Aim of the exercise :: Quote word for word from the line holding "фотография беременной женщины" to the last line below, including both, and omit any pictures.

Data excerpt ::
=== Begin Enclosure ===

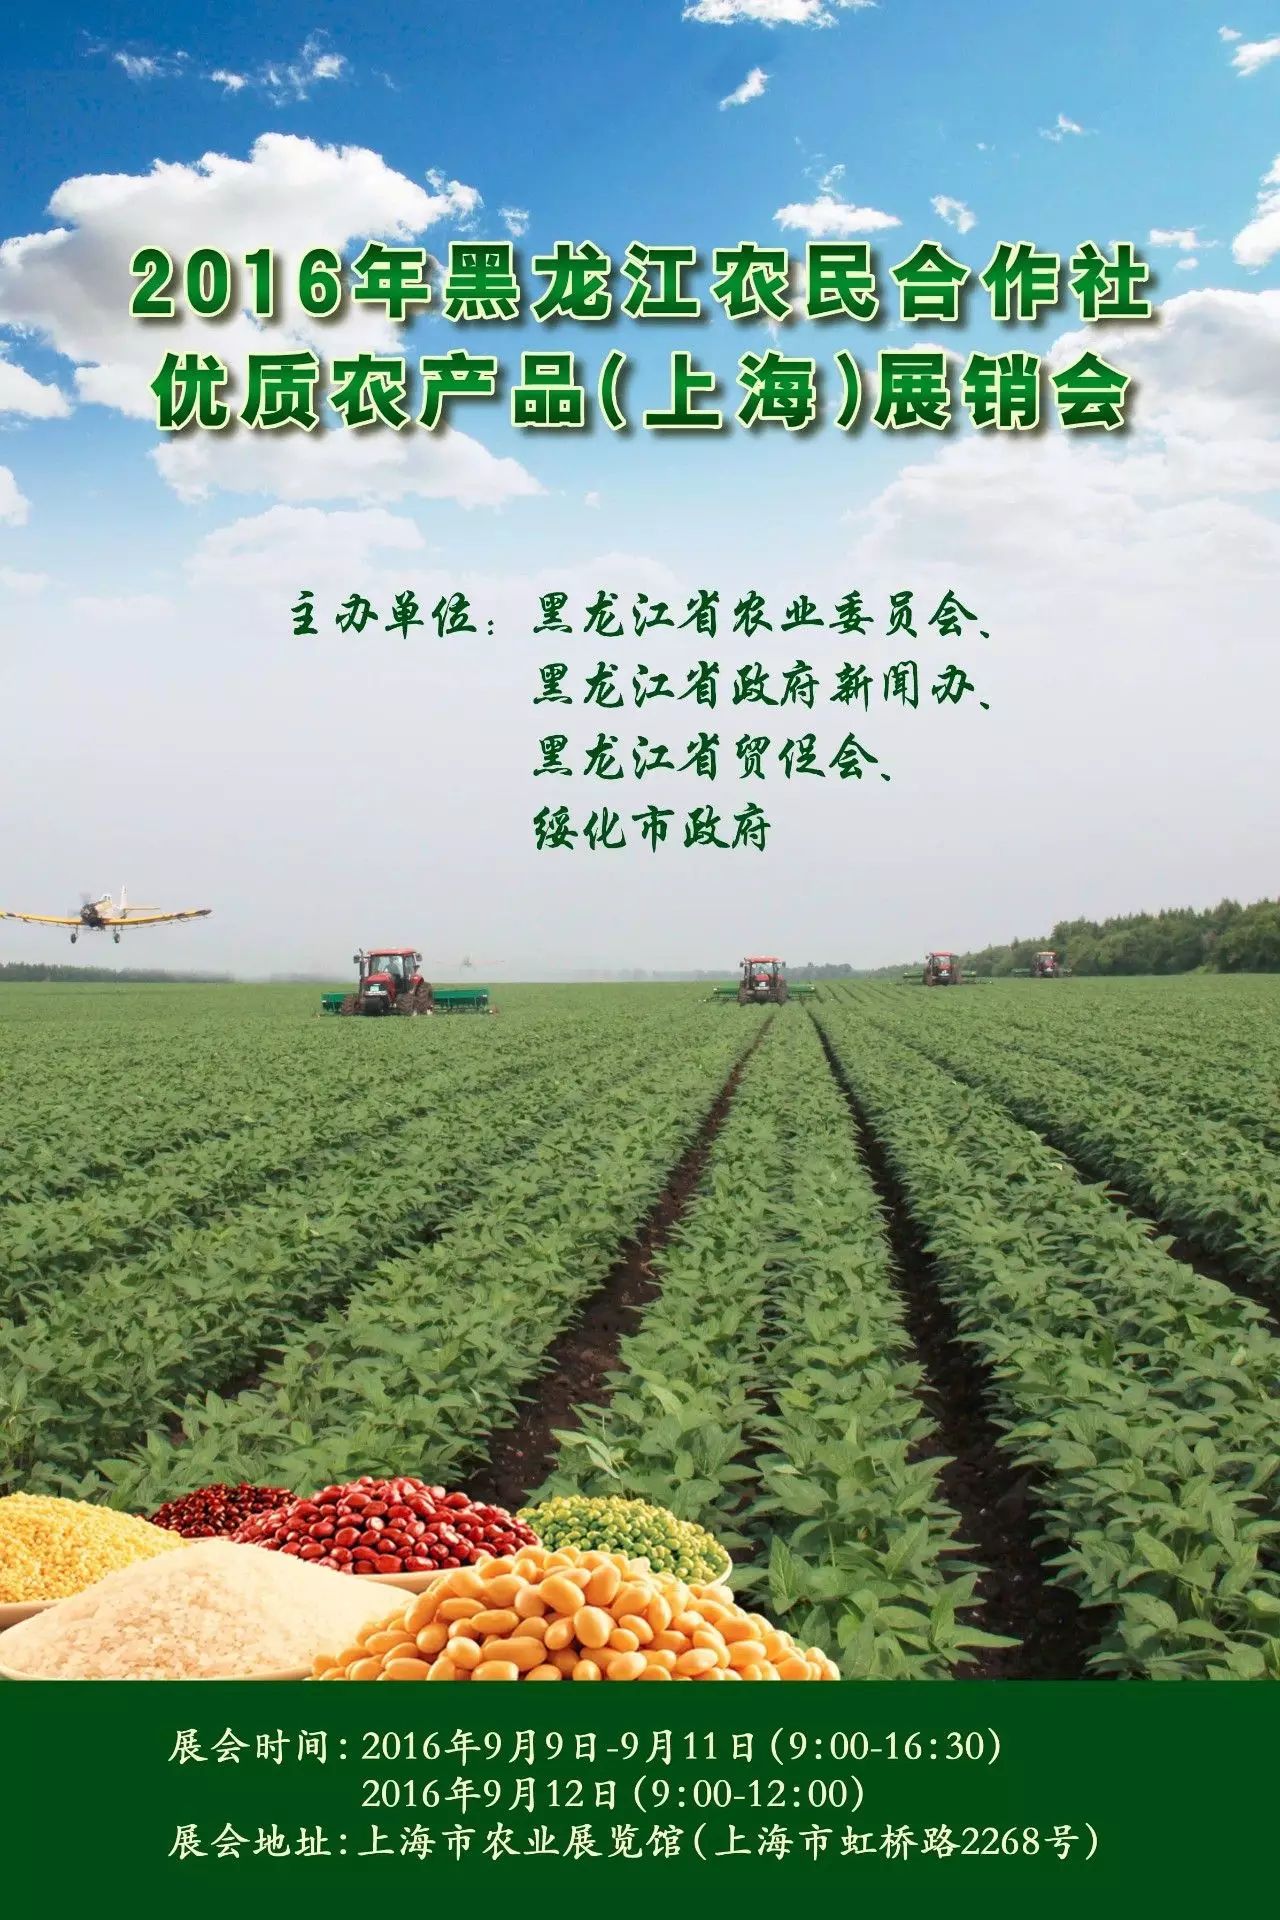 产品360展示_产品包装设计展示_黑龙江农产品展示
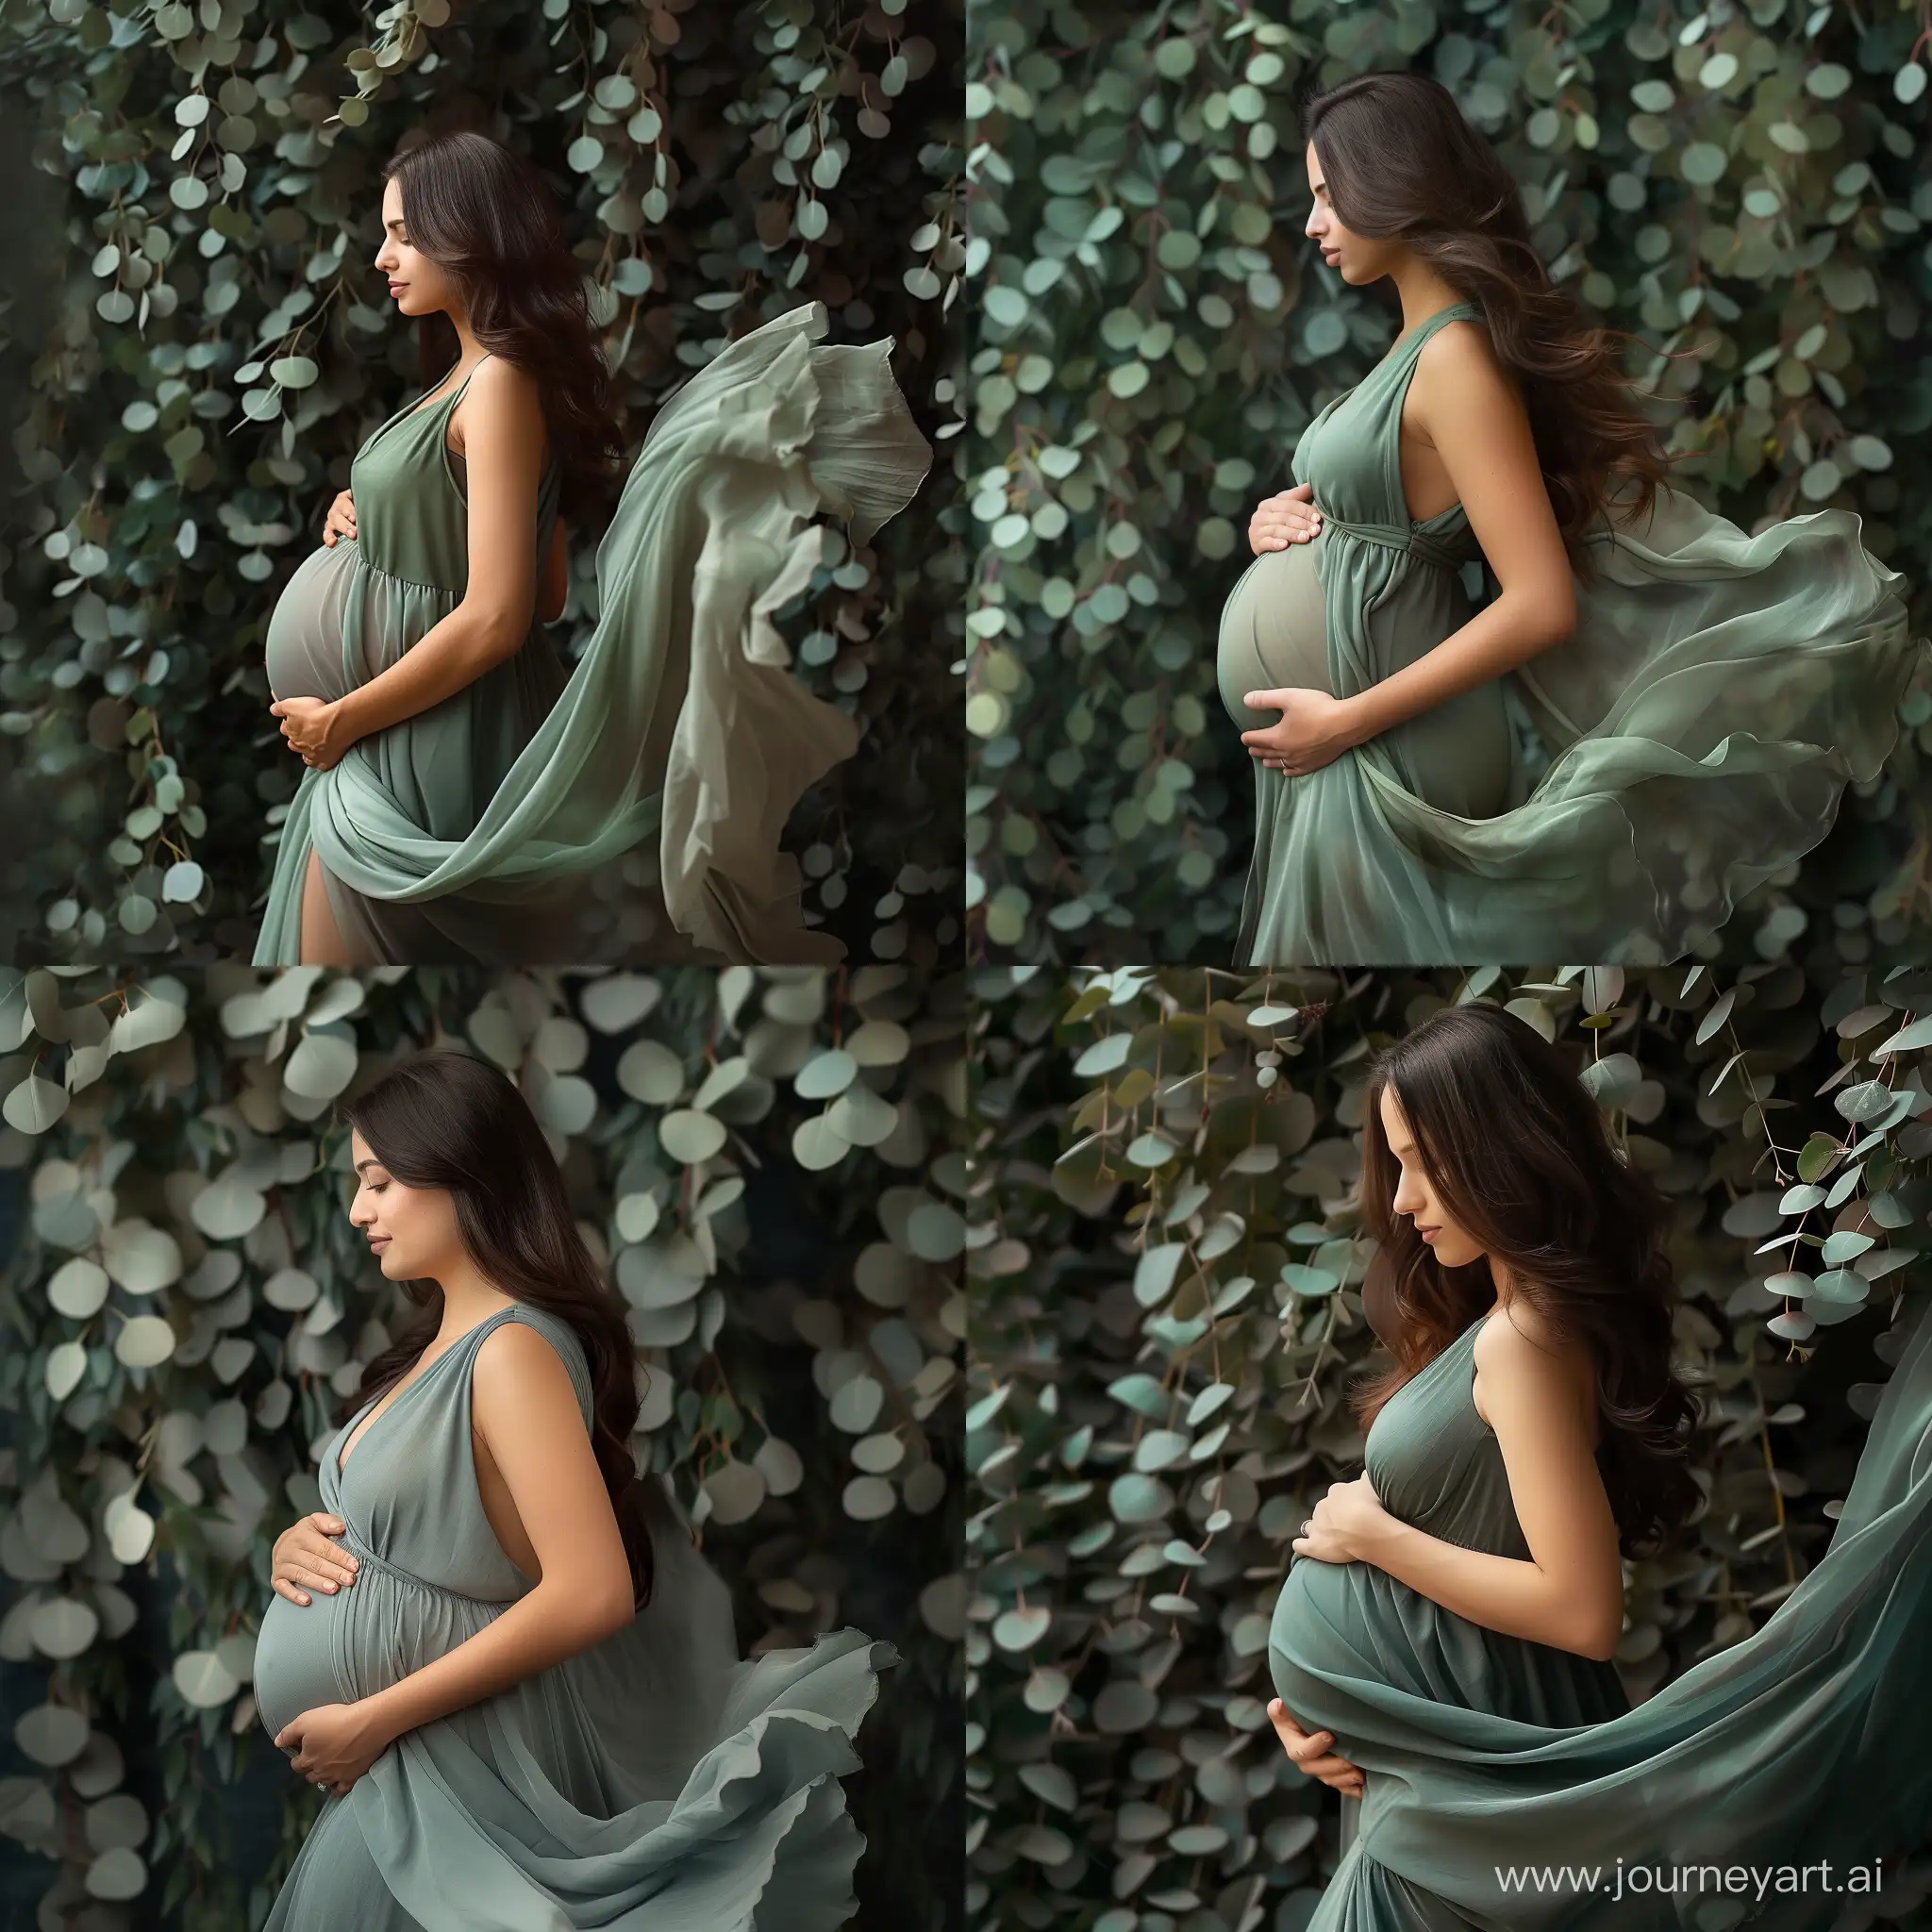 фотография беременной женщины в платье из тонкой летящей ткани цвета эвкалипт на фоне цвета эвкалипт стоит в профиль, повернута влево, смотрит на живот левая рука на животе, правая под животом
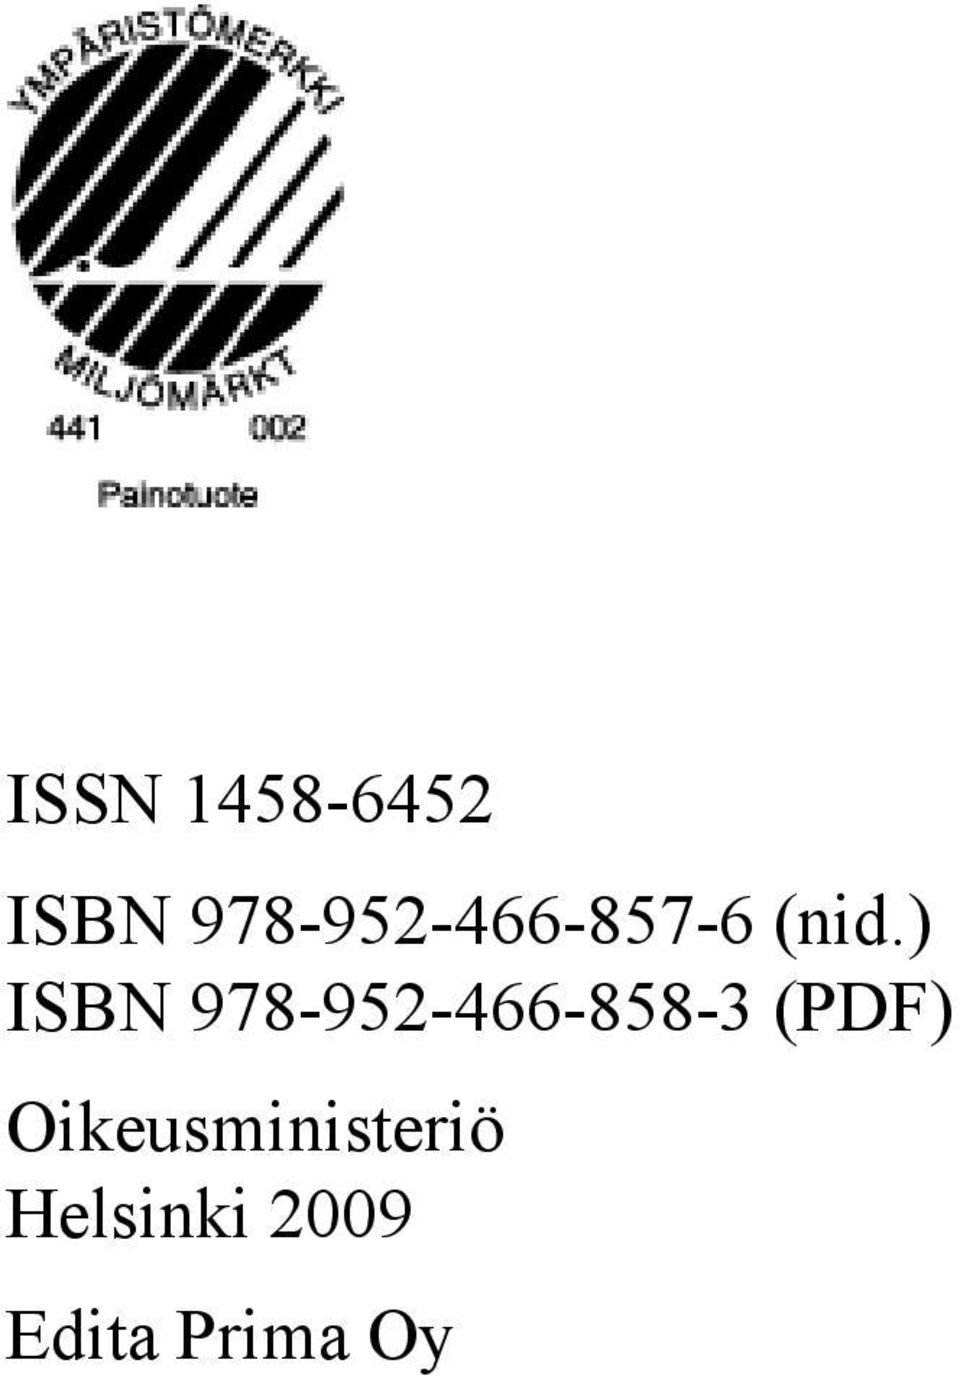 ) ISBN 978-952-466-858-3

=== End Enclosure ===

Result of this task ::
 фотография беременной женщины в платье из тонкой летящей ткани цвета эвкалипт на фоне цвета эвкалипт стоит в профиль, повернута влево, смотрит на живот левая рука на животе, правая под животом
 ) ISBN 978-952-466-858-3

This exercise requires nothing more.